Max depth = 5, score = 0.974
Max depth = 4, score = 0.974
Max depth = 3, score = 0.974
Max depth = 2, score = 0.974
Max depth = 1, score = 0.943

Stochastic gradient descent on Algeria

Code

from sklearn.linear_model import SGDClassifier

SGD_algeria = SGDClassifier(loss="hinge", penalty="l2", max_iter=10)
SGD_algeria.fit(X_train_algeria[selected_features_algeria], y_train_algeria)

print(f"Training Accuracy for SGD using selected features: {SGD_algeria.score(X_train_algeria[selected_features_algeria], y_train_algeria)}")

SGD_algeria_complete = SGDClassifier(loss="hinge", penalty="l2", max_iter=10)
SGD_algeria_complete.fit(X_train_algeria, y_train_algeria)

print(f"\nTraining Accuracy for SGD using all features: {SGD_algeria_complete.score(X_train_algeria, y_train_algeria)} \n")

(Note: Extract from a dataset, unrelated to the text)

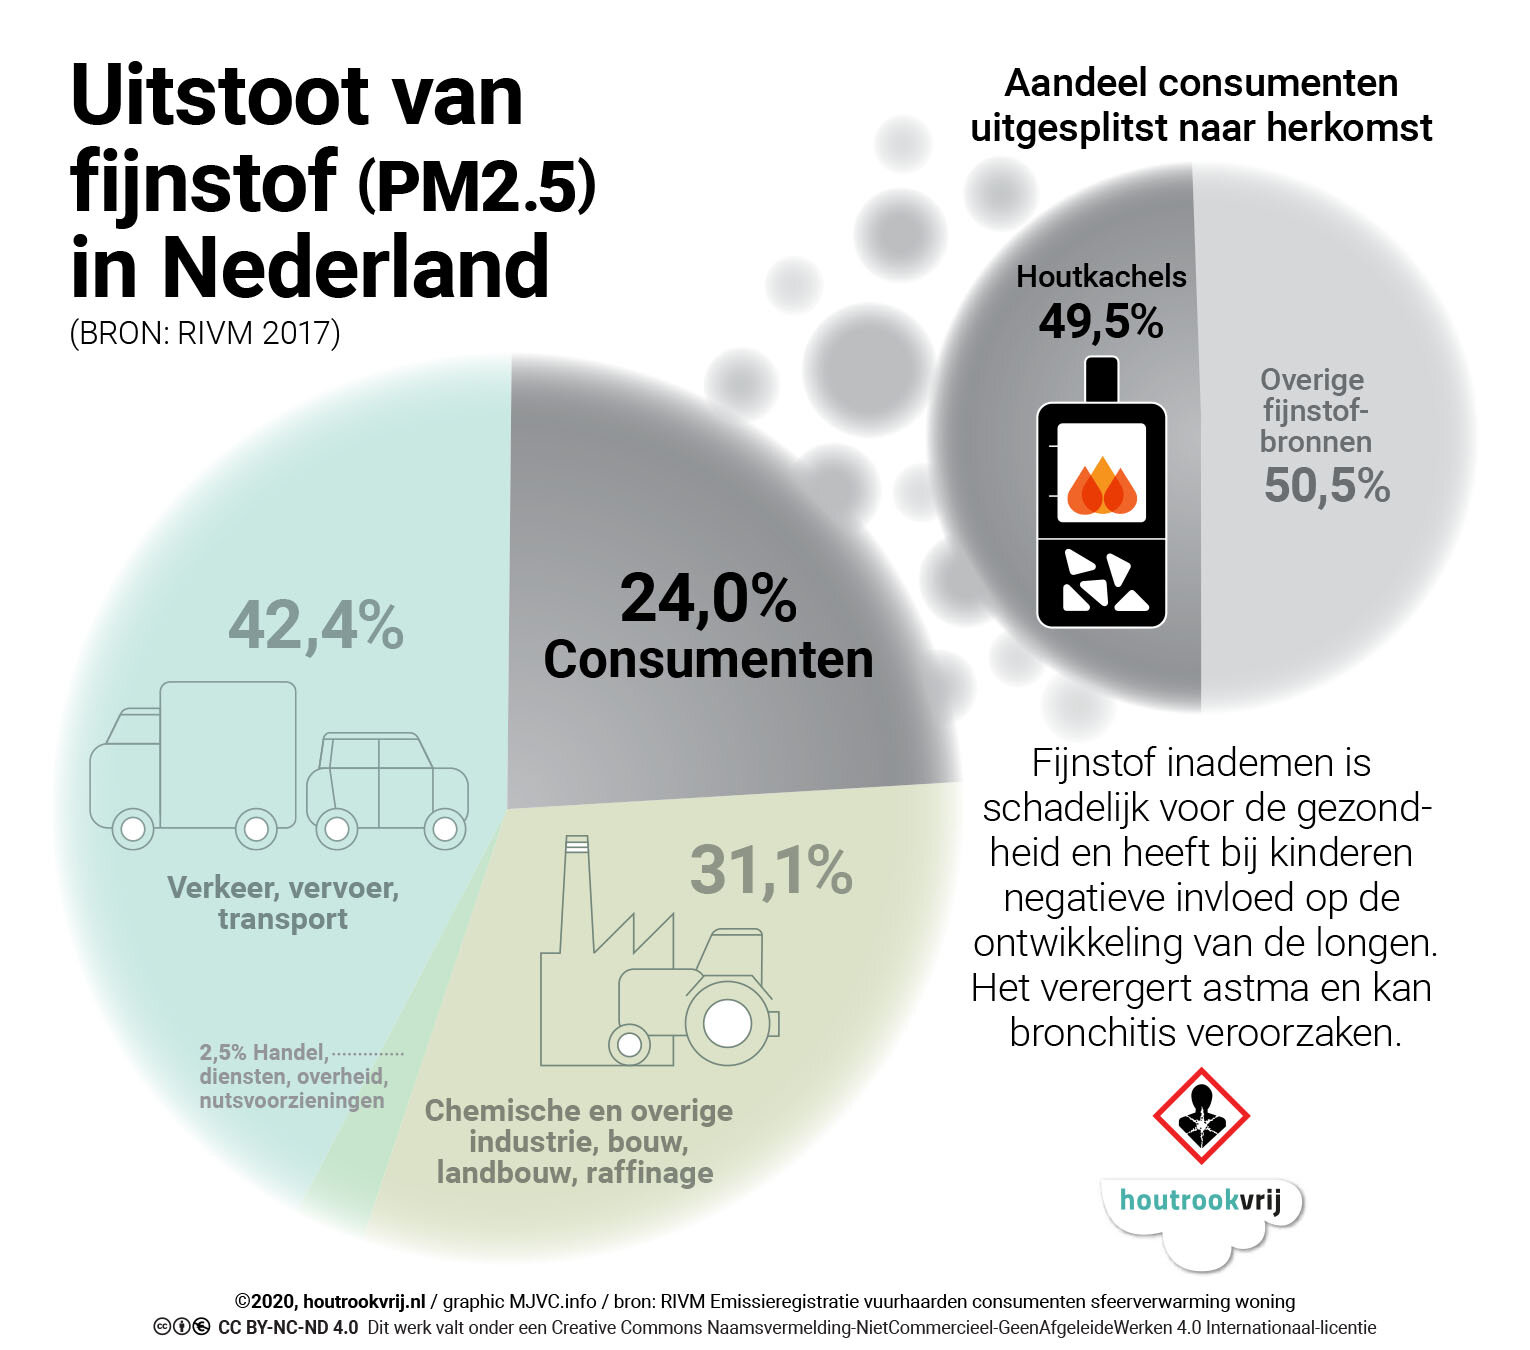 NL uitgesplitst aandeel consumenten FIJNSTOF (7-0220) 1530x1350.jpg

Training Accuracy for SGD using selected features: 0.8556701030927835

Training Accuracy for SGD using all features: 0.5567010309278351

/usr/local/lib/python3.10/dist-packages/sklearn/linear_model/_stochastic_gradient.py:702: ConvergenceWarning: Maximum number of iteration reached before convergence. Consider increasing max_iter to improve the fit.
  warnings.warn(
/usr/local/lib/python3.10/dist-packages/sklearn/linear_model/_stochastic_gradient.py:702: ConvergenceWarning: Maximum number of iteration reached before convergence. Consider increasing max_iter to improve the fit.
  warnings.warn(

Training on Portugal dataset:

We will train the algeria data on 4 different classifiers: 1. Linear Regression 2. Logistic Regression 3. Support Vector Classification 4. Epsilon-Support Vector Regression

Here, we will train the models on Portugal’s 5 slected features from RidgeCV, features highlighted by the paper, and it’s complete set of features. The 5 selected features from RidgeCV are: X, Y, ISI, temp, and wind. The features highlighted by the paper are: temp, RH, rain, and wind.

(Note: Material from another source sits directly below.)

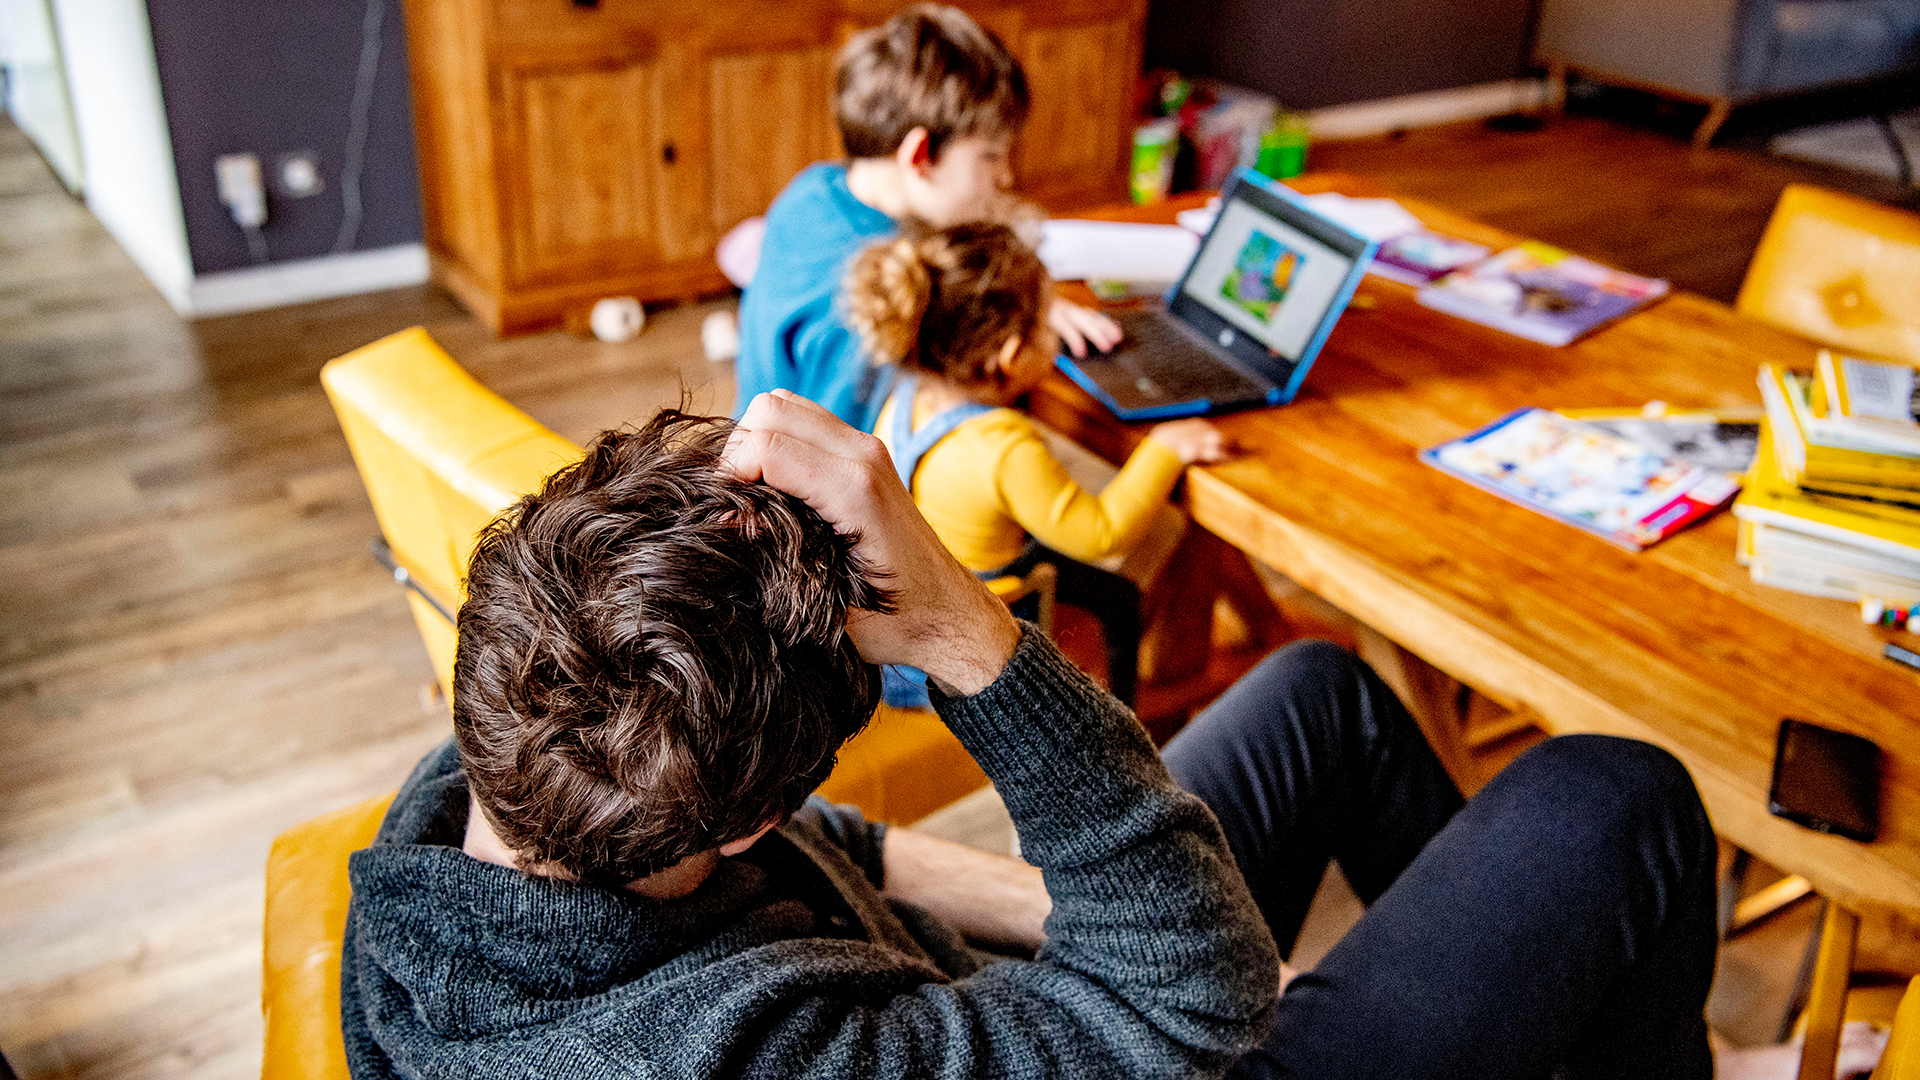 Zwei Kinder vor einem Laptop | picture alliance / ROBIN UTRECHT

We will also perform transformations on our target label to improve the models’ accuracy. We transformed our target labels to log, binary, range, and categorical values.

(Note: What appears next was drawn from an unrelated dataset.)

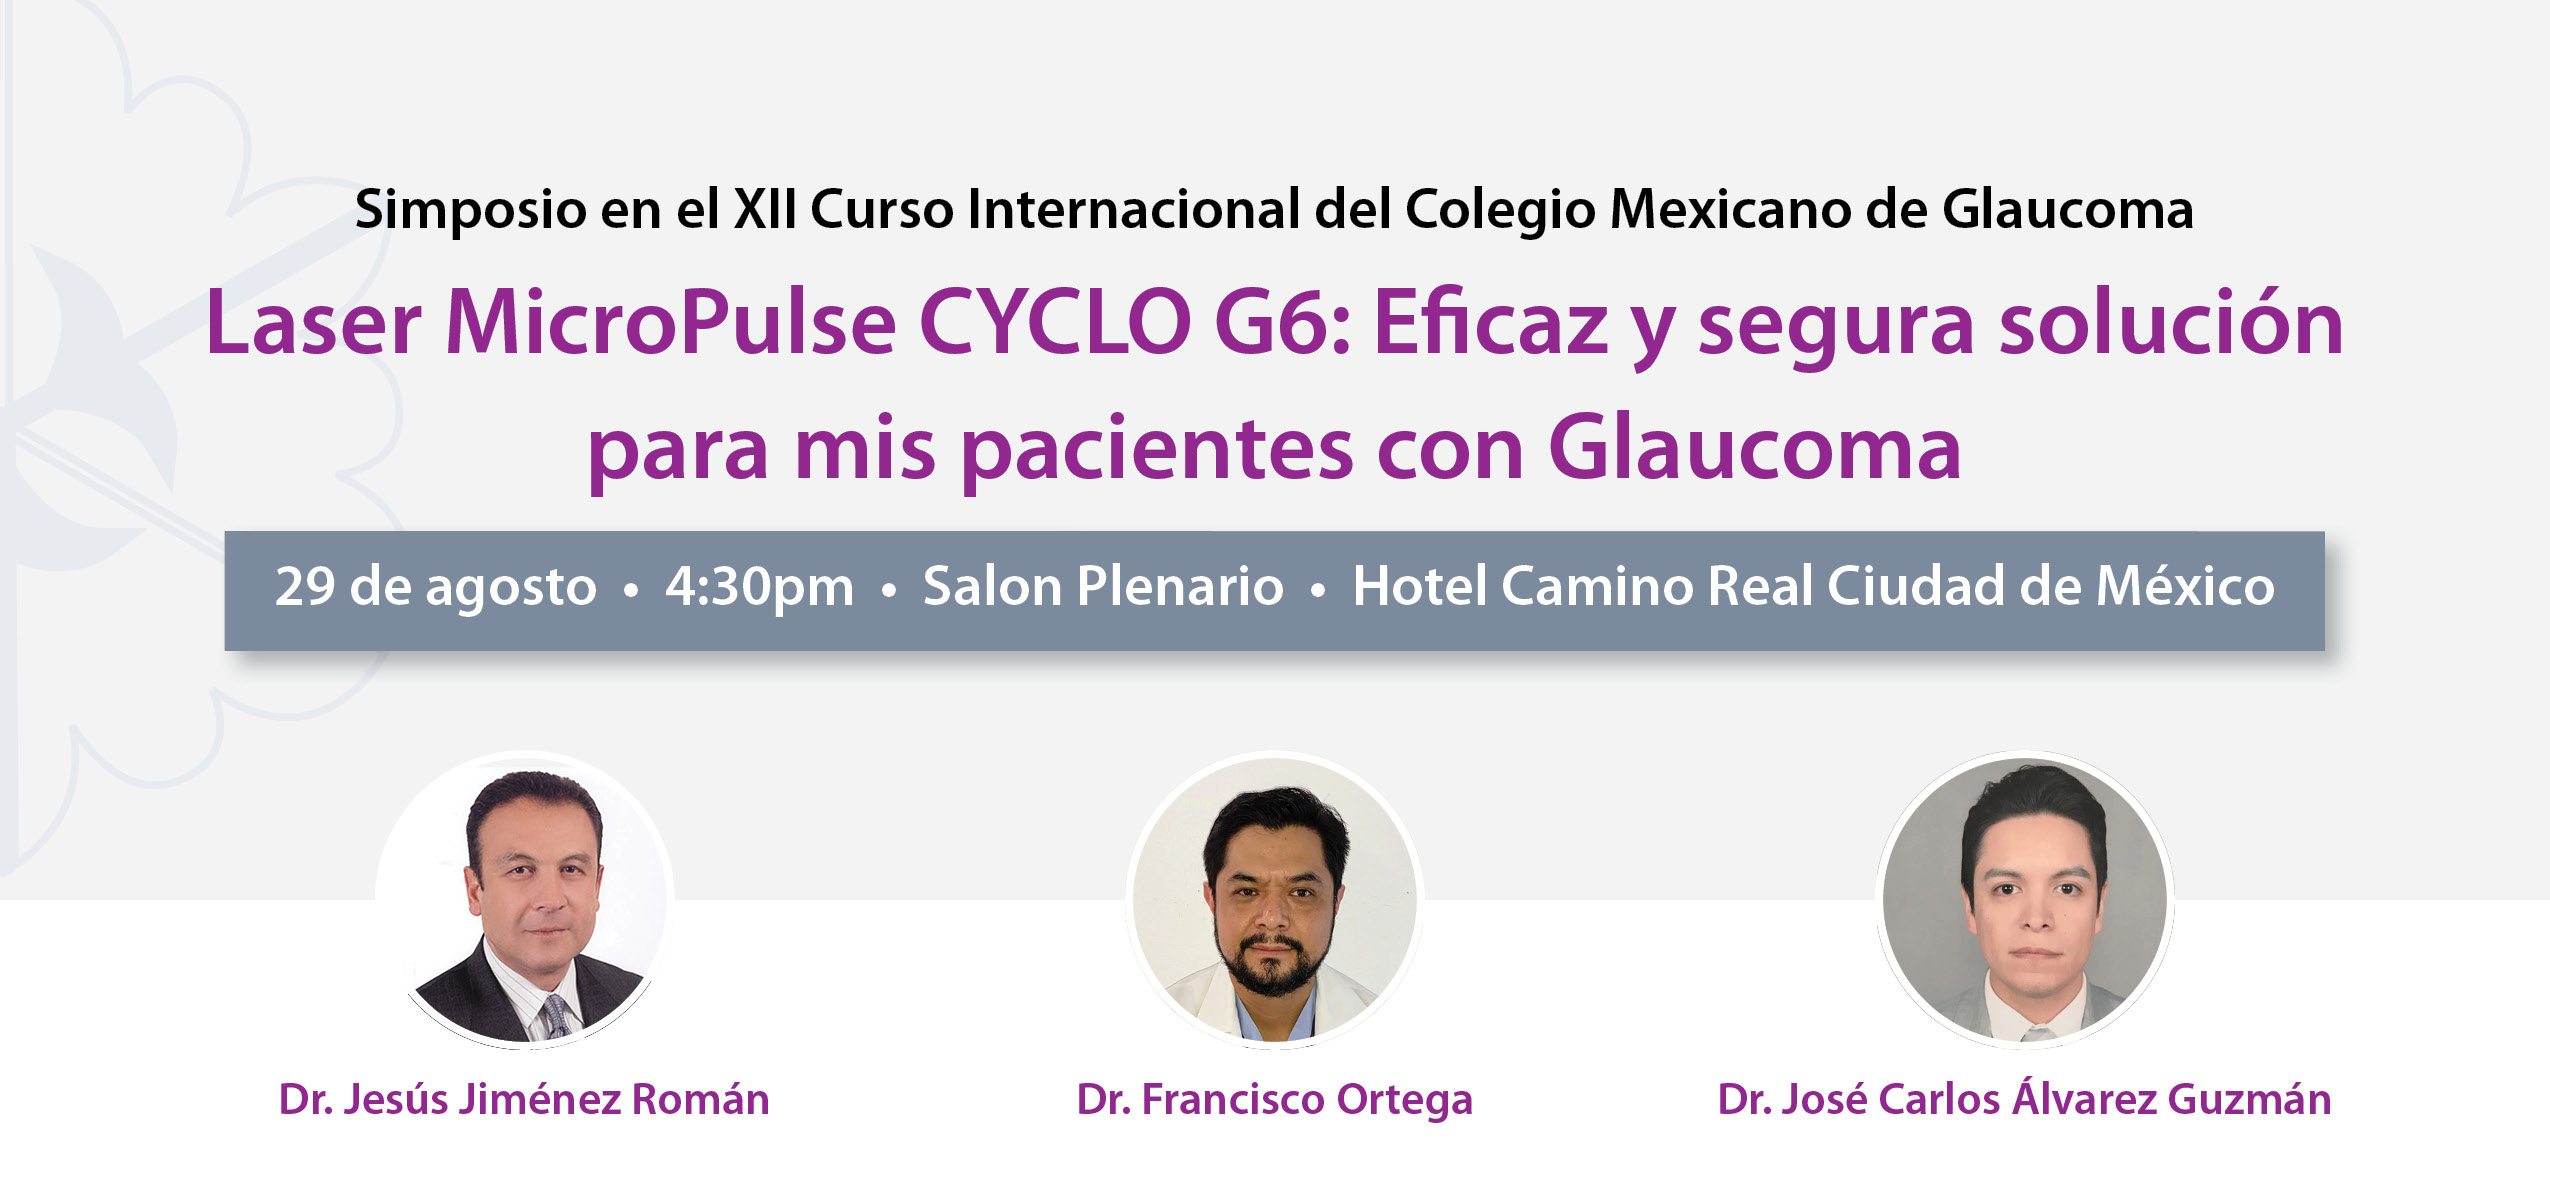 Taller Cyclo G6 en Colegio Mexicano de Glaucoma

In addition, we will use cross validation to evaluate each model’s performance at different settings and avoid overfitting.

Code

from sklearn import preprocessing
from sklearn import utils

#fetures highlighted by paper
papers_features = ["temp", "RH", "rain", "wind"]


#convert labels to categorical values
lab = preprocessing.LabelEncoder()
y_train_transformed = lab.fit_transform(y_train_portugal)

Code

# make a copy of df and change labels to 0 and non 0s (binary)
portugal_df_copy = portugal_df.copy()
portugal_df_copy.loc[portugal_df_copy["area"] > 0.0] = 1
portugal_df_copy.loc[portugal_df_copy["area"] <= 0.0] = 0

portugal_train_binary, portugal_test_binary = train_test_split(portugal_df_copy, test_size=0.2, random_state=25)

y_train_portugal_binary = portugal_train_binary["area"]
y_test_portugal_binary = portugal_test_binary["area"]

X_train_portugal_binary = portugal_train_binary.drop(["area"], axis=1)
X_test_portugal_binary = portugal_test_binary.drop(["area"], axis=1)

Code

# make a copy of df and change labels to a range
portugal_df_copy2 = portugal_df.copy()

print(portugal_df_copy2["area"].max())
ranges = portugal_df_copy2["area"].max()  / 50

portugal_df_copy2.loc[portugal_df_copy2["area"] <= 0.0] = 0.0

for i in range(50):
  portugal_df_copy2.loc[(portugal_df_copy2["area"] > (ranges * i)) & (portugal_df_copy2["area"] <= ranges * (i+1))] = ranges * (i+1)

portugal_train_range, portugal_test_range = train_test_split(portugal_df_copy2, test_size=0.2, random_state=25)

y_train_portugal_range = portugal_train_range["area"]
y_test_portugal_range = portugal_test_range["area"]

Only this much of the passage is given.